La cassazione nel 2000 (numero 13) ha, infatti, stabilito che la norma “offre una tutela penale anticipata volta a reprimere quelle condotte prodromiche che mettono a repentaglio il libero sviluppo personale del minore, mercificando il suo corpo e immettendolo nel circuito perverso della pedofilia. Per conseguenza il reato è integrato quando la condotta dell’agente che sfrutta il minore per fini pornografici abbia una consistenza tale da implicare concreto pericolo di diffusione del materiale pornografico prodotto”.
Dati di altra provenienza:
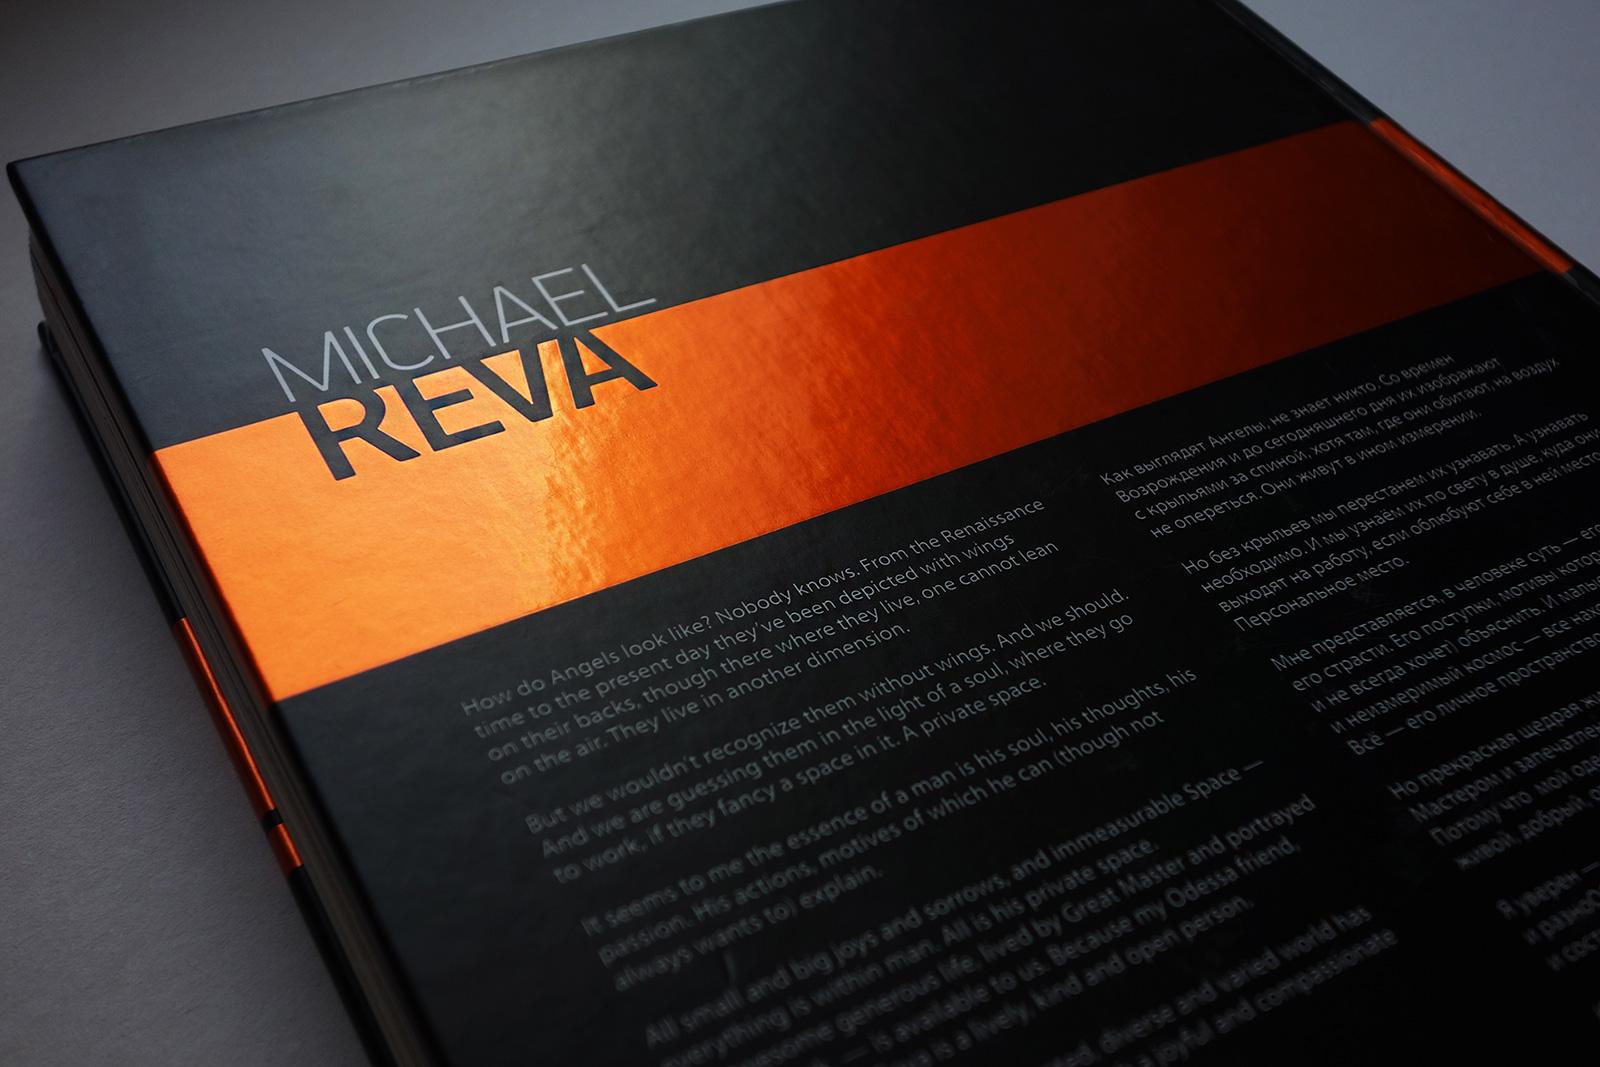 Asgard Branding, юбилейный альбом, дизайн обложки альбома, печатные издания, дизайн книги, Михаил Рева

Non sarà semplice, ma ciò dipenderà anche dal tipo e dalla natura delle chat, per il giudice Amato difendersi sostenendo che l’aver trasmesso le foto a uno sconosciuto (che quindi non dava alcuna garanzia di riservatezza) non abbia determinato il concreto pericolo di diffusione delle stesse e quindi il rischio di pregiudicare il libero sviluppo personale dei minori raffigurati.

Primi provvedimenti

In applicazione della legge, che sul punto non ammette deroghe e riguarda tutti i pubblici funzionari senza che via la necessità di alcuna richiesta specifica di alcuno, il magistrato in conseguenza degli arresti e sin dal giorno successivo è stato sospeso dalle funzioni e dallo stipendio.

Allo stesso modo, è stato avviato nei suoi confronti procedimento disciplinare: si tratta, allo stato delle cose, di un grave illecito disciplinare, rientrante nella categoria degli “Illeciti conseguenti a reato” (e dunque diverso da quello compiuto nell’esercizio delle funzioni o fuori dalle stesse, ma sempre facendo pesare il ruolo di magistrato).

Questo tipo di illeciti possono portare alla sanzione (anche della rimozione dalla magistratura) solo dopo la condanna irrevocabile.